What’s the benefit to YOU, as an investor, of collaborating with other angels on investments?
The obvious answer is more cash. It’s a truism that most companies fail to meet their financial projections. Raising sufficient money out the gate is imperative. Too often, individual investing runs the risk of investing in a company that raises too little capital.
The less obvious, but more important, answer is that investing with a professional group like the New York Angels is one of the best ways to get a truly complete picture of a business proposal. Everyone in our group comes from different experiences and perspectives — and they ask questions that would never dawn on me. They challenge my thinking and force me to consider contrary views. I’ve found that sort of collaboration makes for smarter investments, and I wouldn’t do it any other way.
What do you think your strength is as an investor and member of the New York Angels?

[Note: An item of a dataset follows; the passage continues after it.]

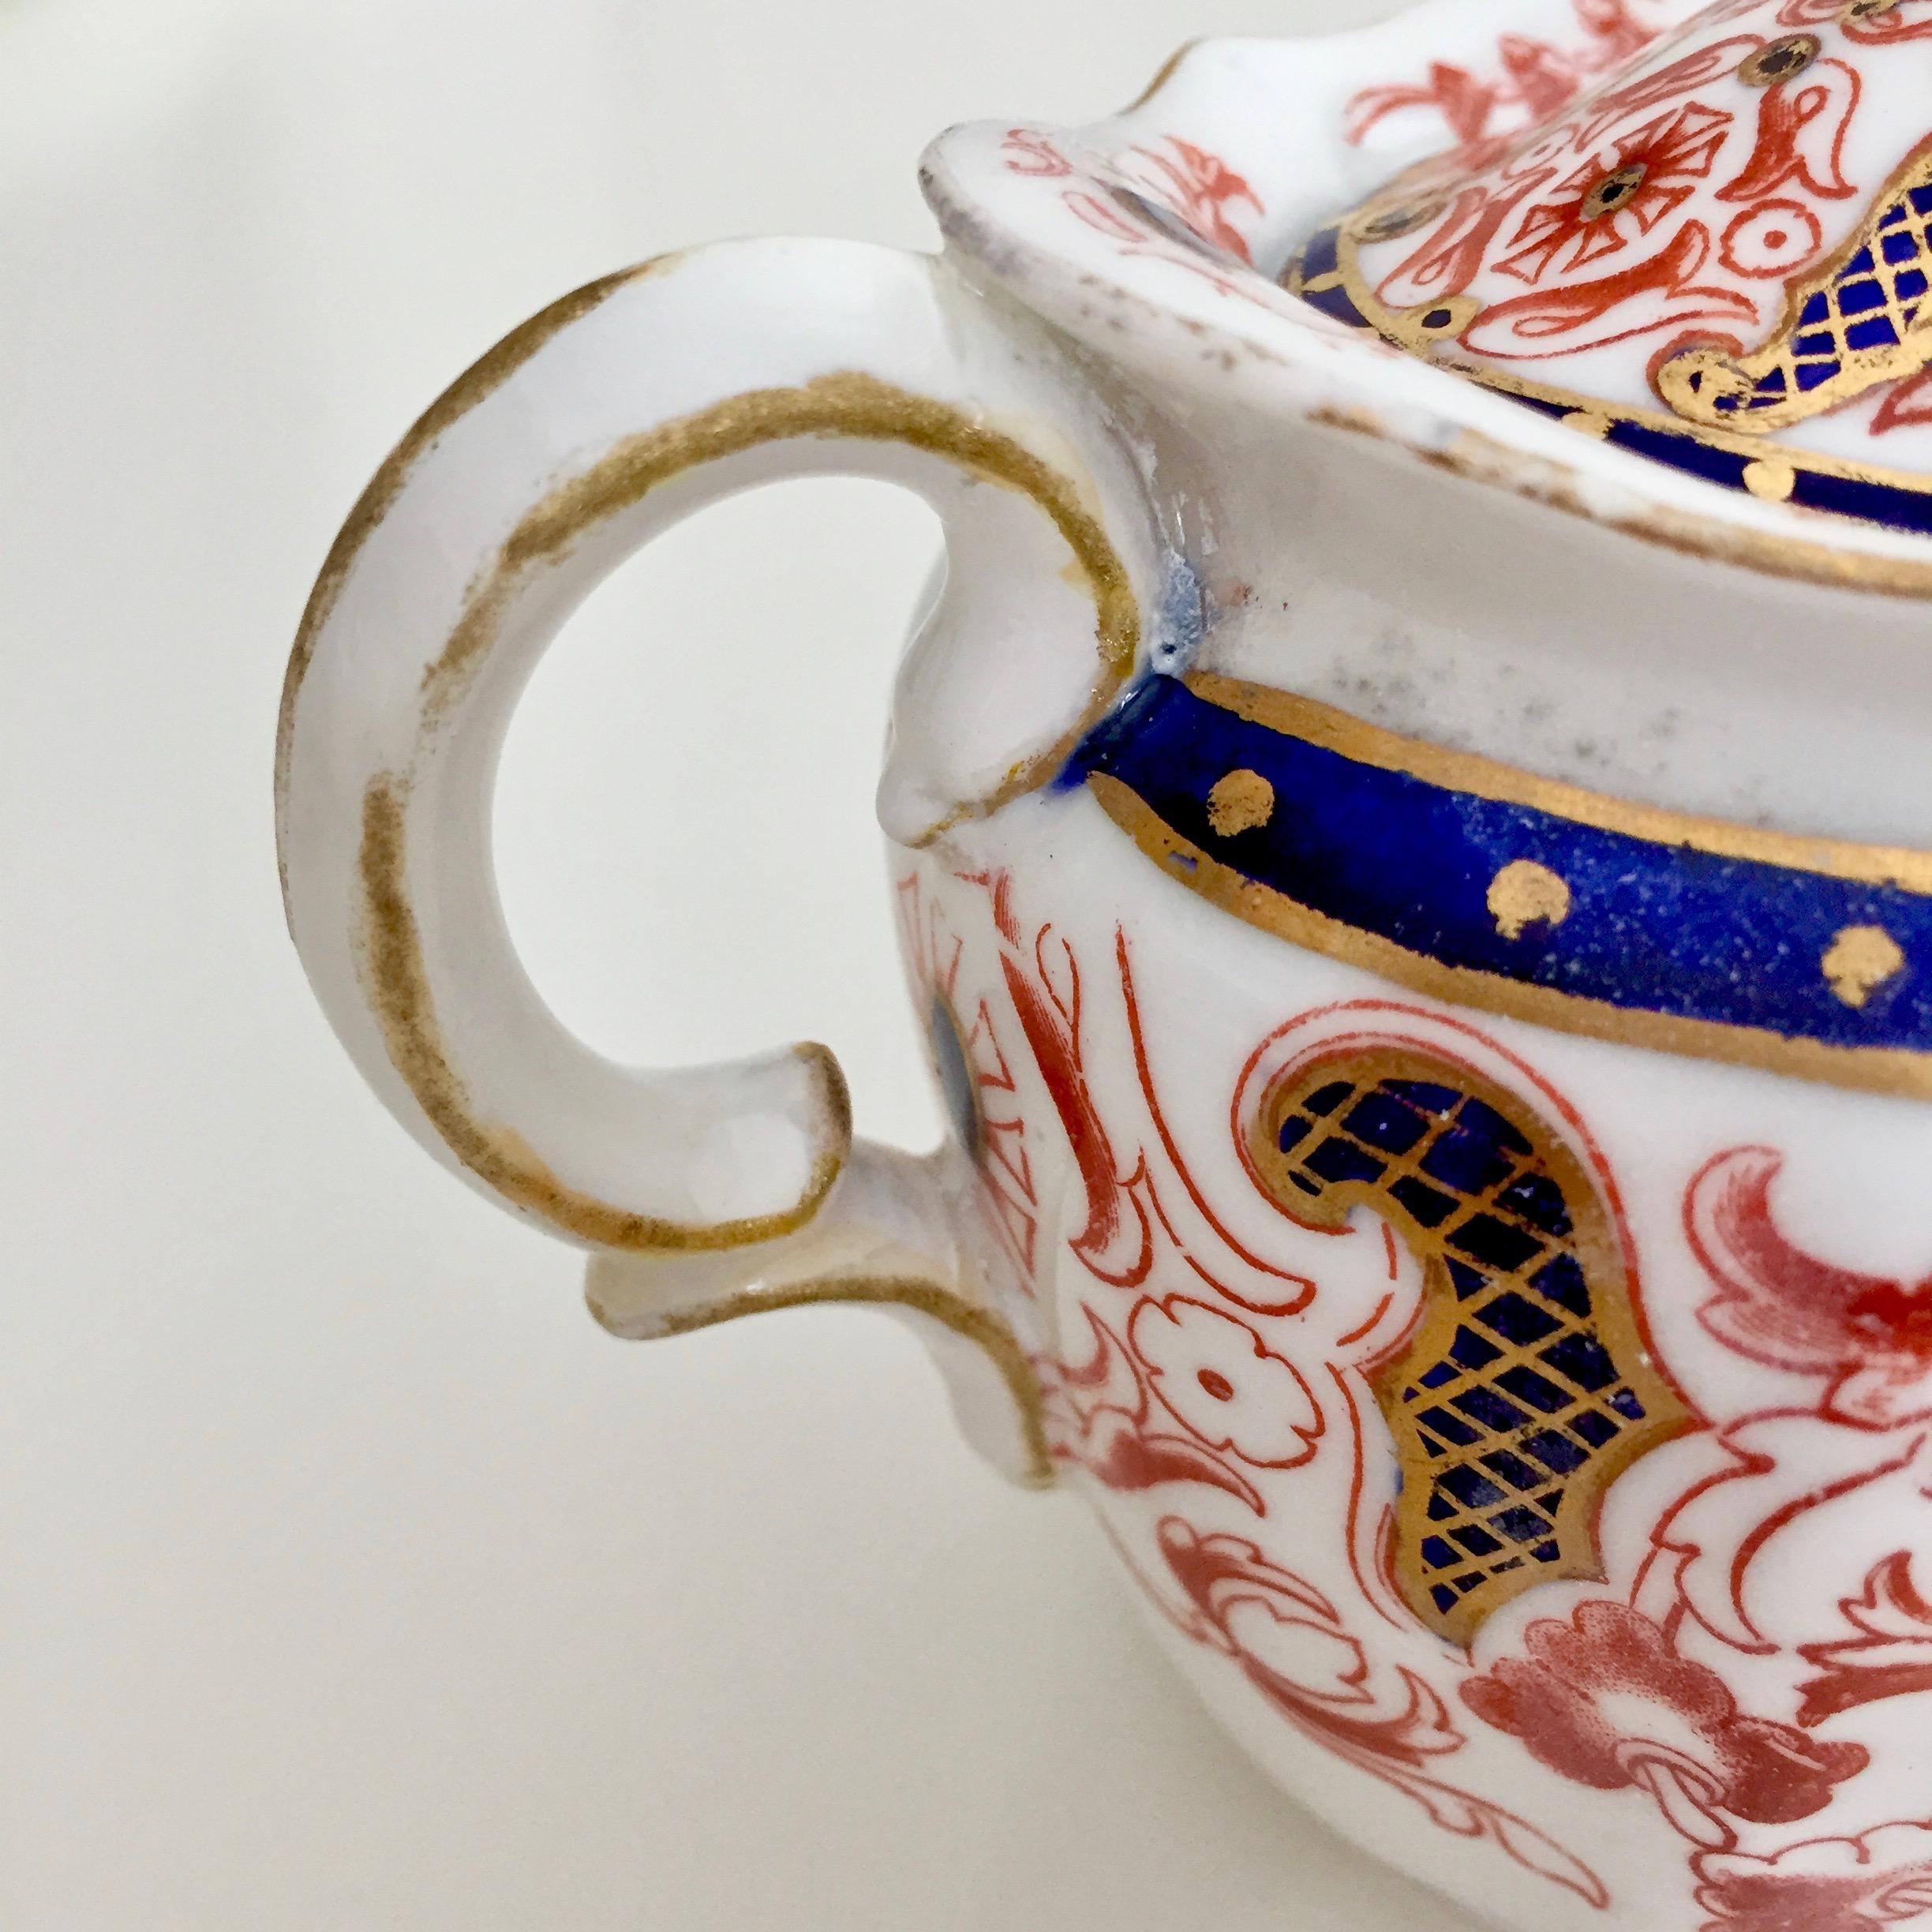 Royal Crown Derby Breakfast Tea Set, Imari Pattern, 1899 5

As for my own strengths, I like to think that I am a discerning voice when it comes to considering the line between a good business and a good investment. They are not always the same thing. I’m also a big proponent of a well diversified angel portfolio. To that end I have been active in creating our side car funds to enable our members to invest in a wider spectrum of companies than they otherwise would. As Chairman of NYA, I devote much thought to how our organization can create a process so that investments will be profitable for individual angels. The success of our entrepreneurs and our investments is the most important marker of our success and I work to make sure that our model is sustainable.